July 5 (SeeNews) - The International Monetary Fund (IMF) said on Wednesday that Serbia’s economy has strengthened dramatically since the adoption of the economic programme supported by the stand-by arrangement (SBA), but there have been significant delays in the public sector reforms.
Contrary to expectations, the larger than planned fiscal tightening has been associated with increased growth, reflecting the confidence engendered by decisively tackling the public debt sustainability concerns, the IMF said in the concluding statement of the mission for the 2017 Article IV consultation and the seventh review under the SBA.
The unemployment in the country is falling sharply, along with the level of banks’ non-performing loans, while inflation has been maintained at low levels, the IMF said.
However, there have been significant delays in the reforms of some areas, notably in reforms of public administration, public services and state-owned enterprises (SOEs).
"While Serbia’s ranking in business surveys has risen markedly, improvements are still needed in areas such as streamlining and modernising tax administration, increasing transparency and predictability of public fees and charges, and ensuring a more efficient and independent judicial system," the IMF said.
Overhauling Serbia’s fiscal rules would help establish a credible anchor for fiscal policy and enhance public debt sustainability over the medium term. Continued strengthening monetary and exchange rate policy frameworks, and advancing the dinarisation strategy will enhance policy effectiveness and the resilience of the financial system, the Fund noted.
Notwithstanding recent declines, public debt is still elevated and fiscal risks stemming from SOEs are sizeable, so any fiscal overperformance in 2017 should be used to increase capital spending or to reduce debt faster. Continuing to contain these expenditures in the medium term would help provide fiscal space for addressing infrastructure gaps and targeted reductions in labour tax burdens.
The sizeable fiscal consolidation under the program and improved policy coordination have supported a substantial easing of monetary policy, reflected in markedly lower lending rates and a recovery of bank credit.
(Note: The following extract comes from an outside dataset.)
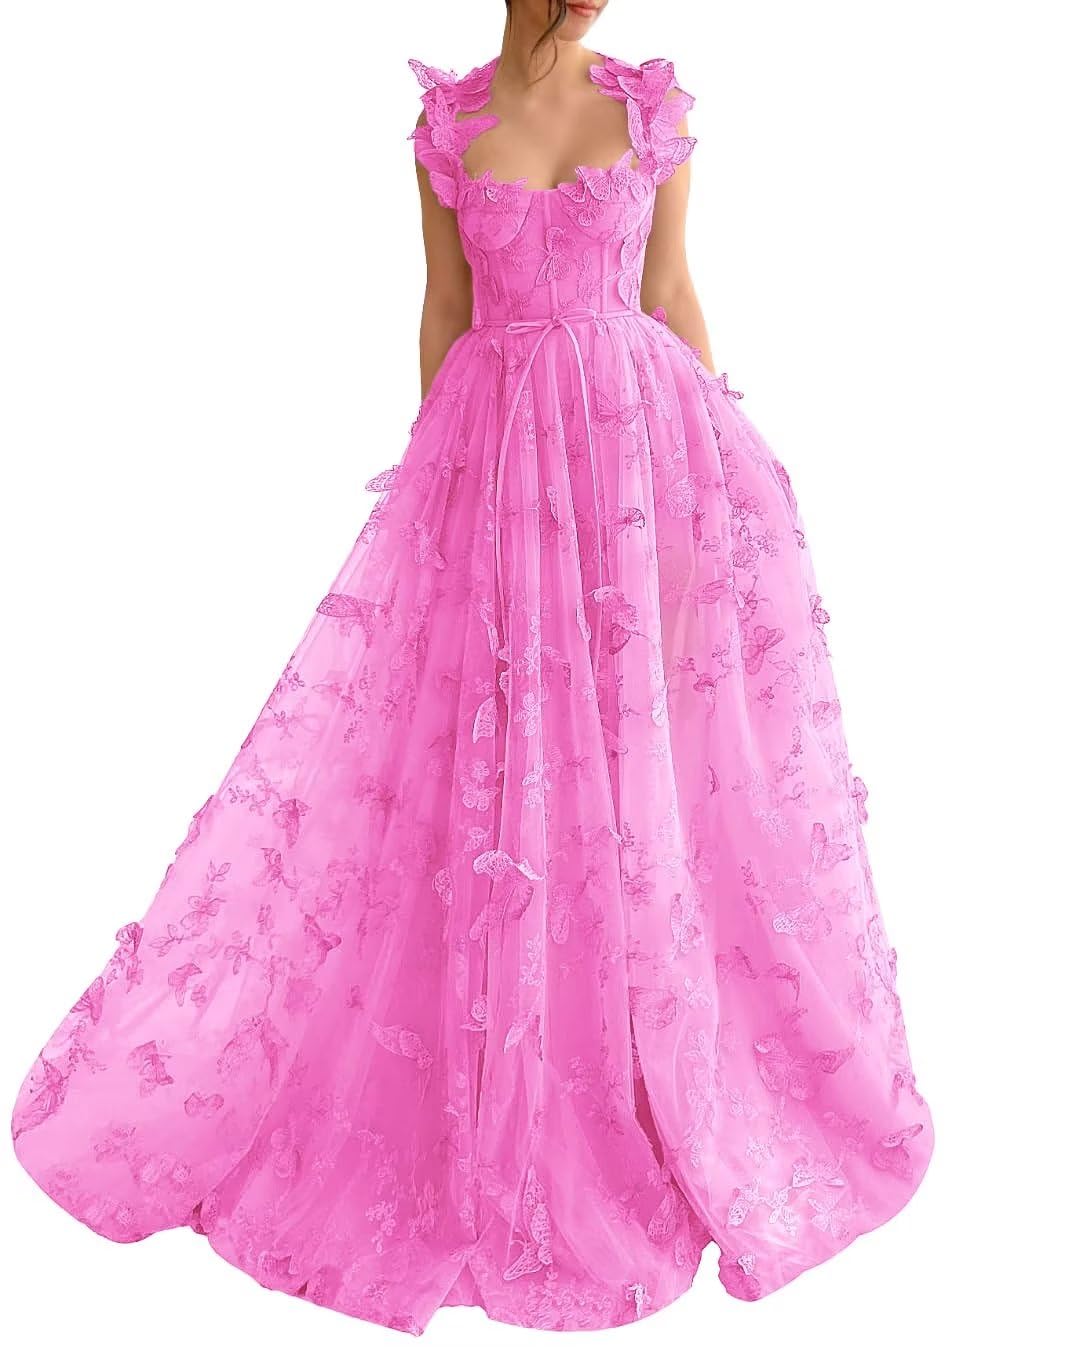 Long Tulle Prom Dress with 3D Butterflies Floor Length Formal Evening Party Gowns for Women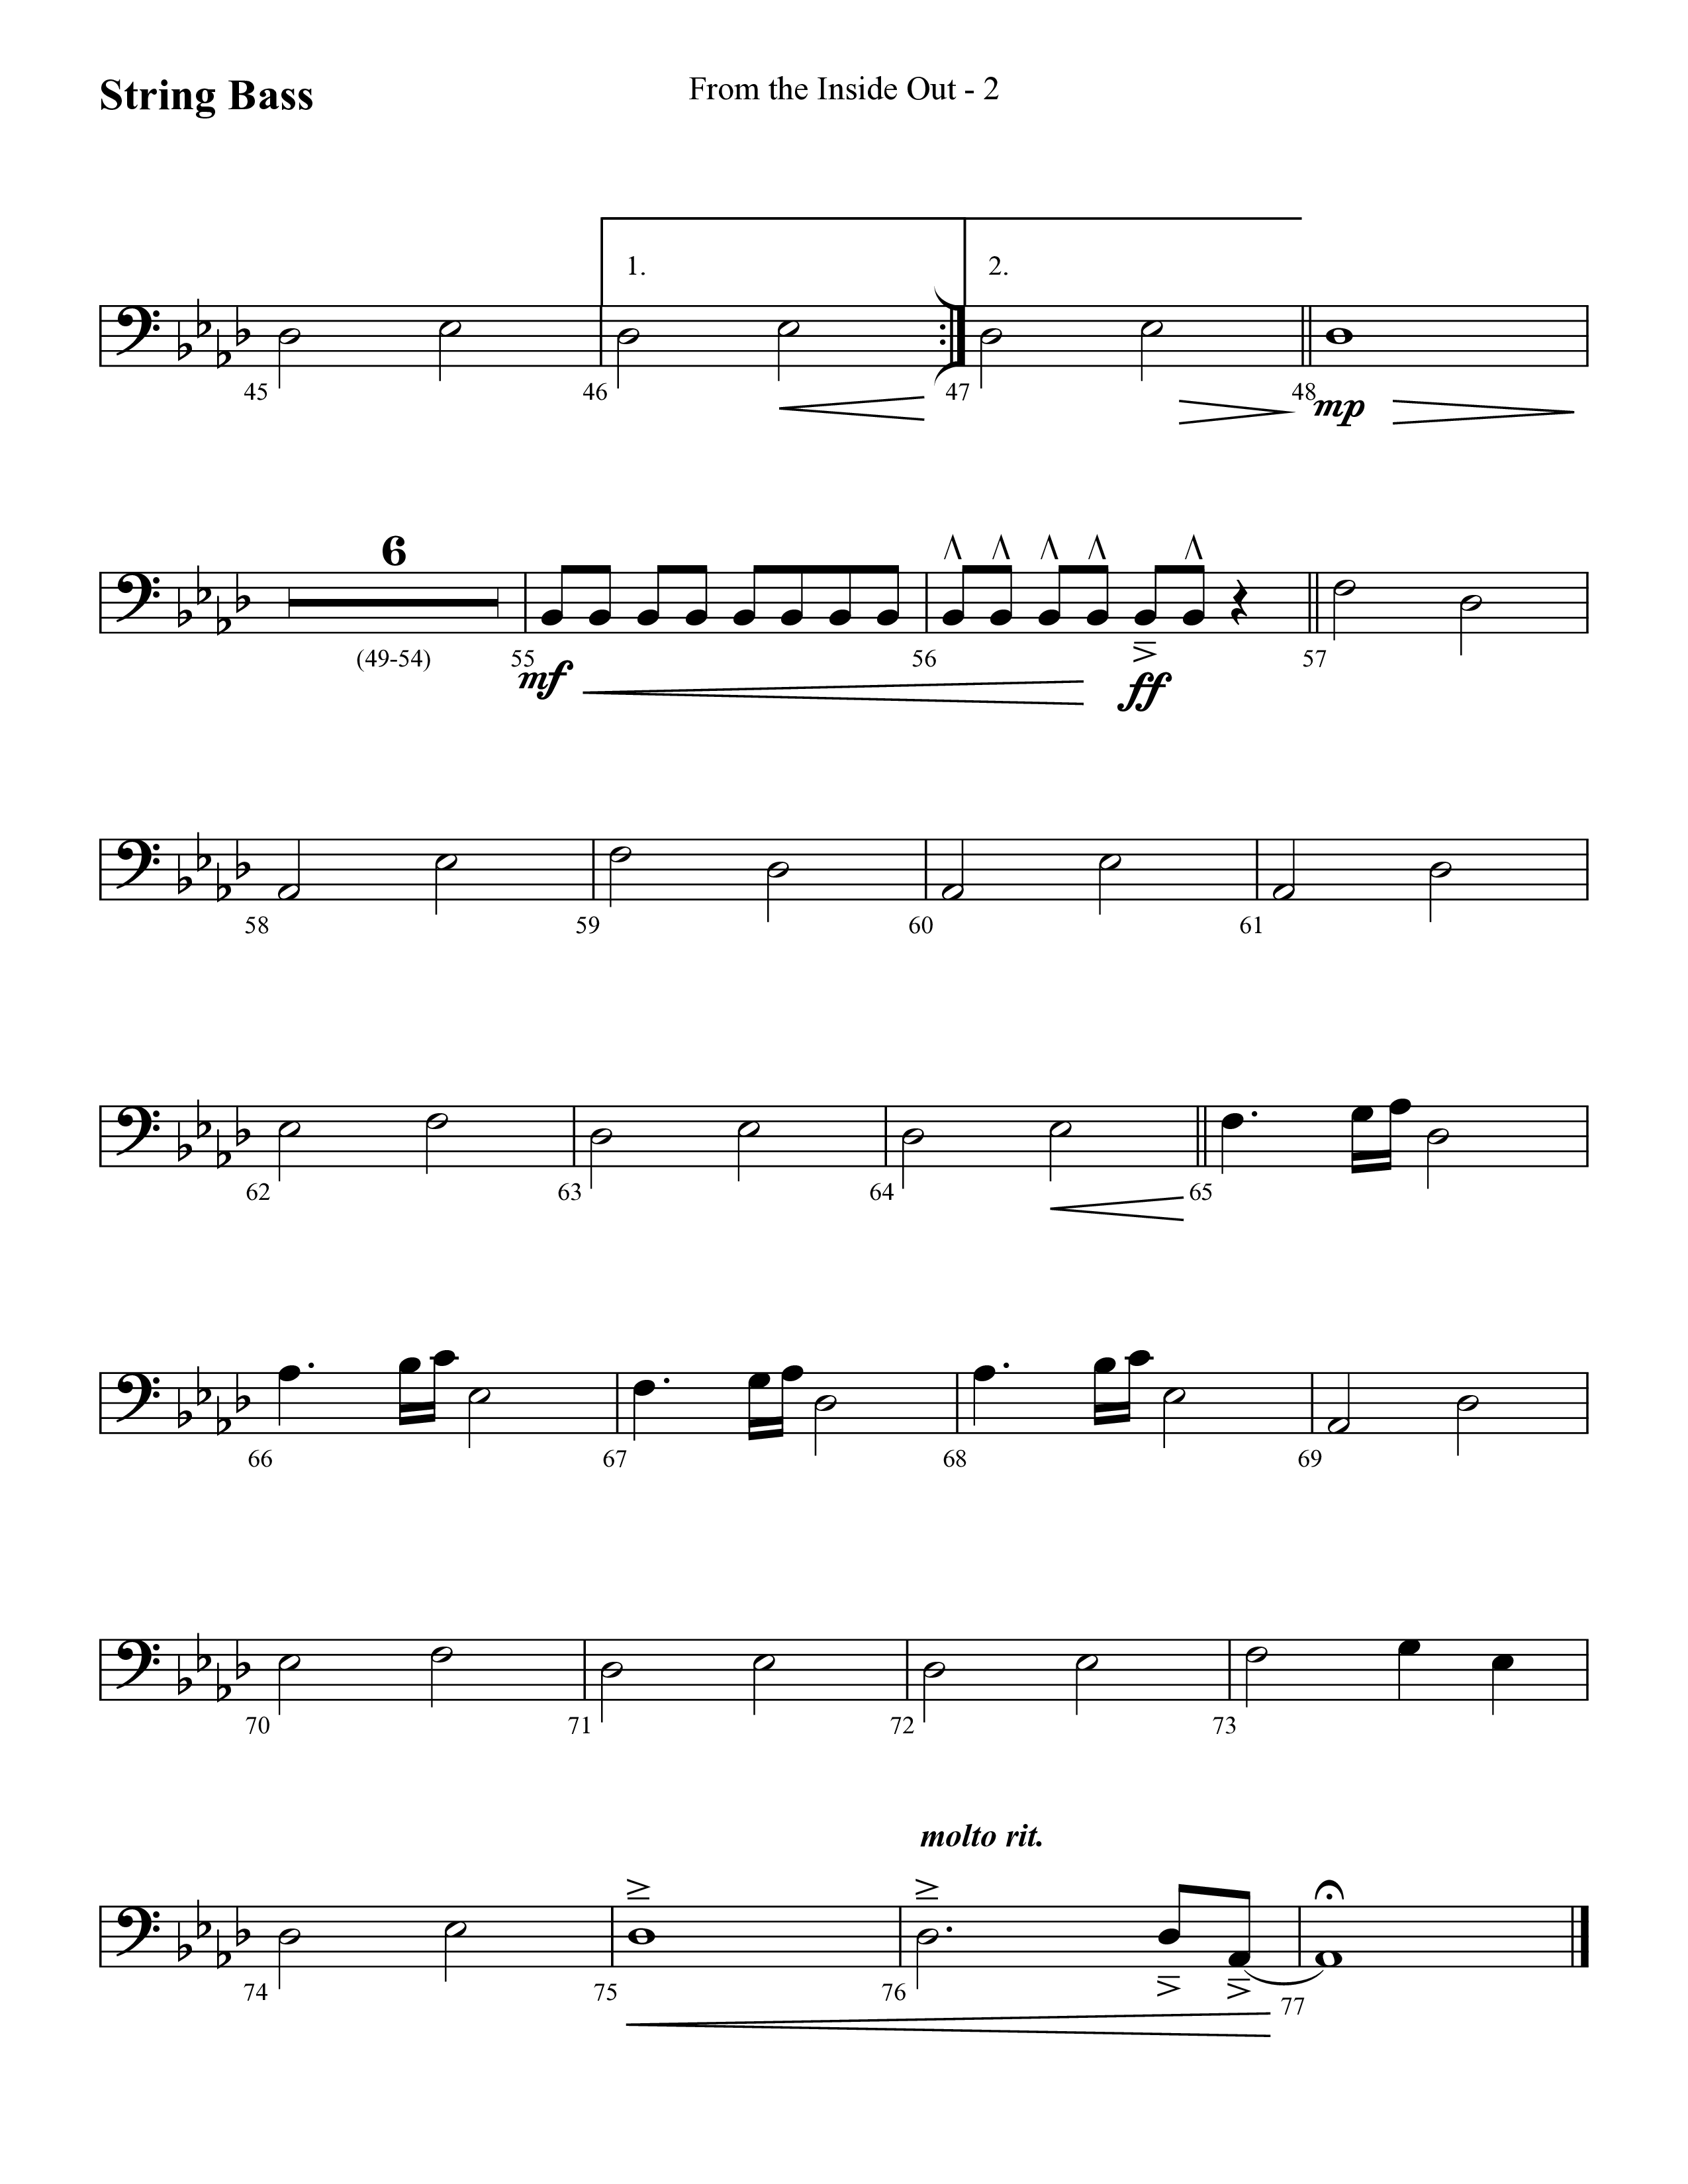 From The Inside Out (Choral Anthem SATB) String Bass (Lifeway Choral / Arr. Cliff Duren)

Given Serbia’s improved fundamentals, increased exchange rate flexibility over the medium term will help develop the foreign exchange market and foster dinarisation, the IMF explained.
Serbia's central bank, the NBS, has successfully implemented a comprehensive agenda aimed at further strengthening the banking sector, reducing the high levels of non-performing loans, and harmonising the regulatory framework with EU standards. However, reforms of state-owned financial institutions have faced delays and need to be accelerated. Consideration should be given to developing capital markets and improving access to finance for entrepreneurs and SMEs, the IMF added.
An IMF mission visited Belgrade during June 22-July 4 for the seventh review of Serbia's IMF-supported funding programme.
The IMF said in April it expects Serbia’s economy to expand by a real 3.0% in 2017, up from its October forecast of 2.8% growth. The growth of Serbia's gross domestic product (GDP) is seen at 3.5% in 2018, the IMF said in the April edition of its World Economic Outlook report.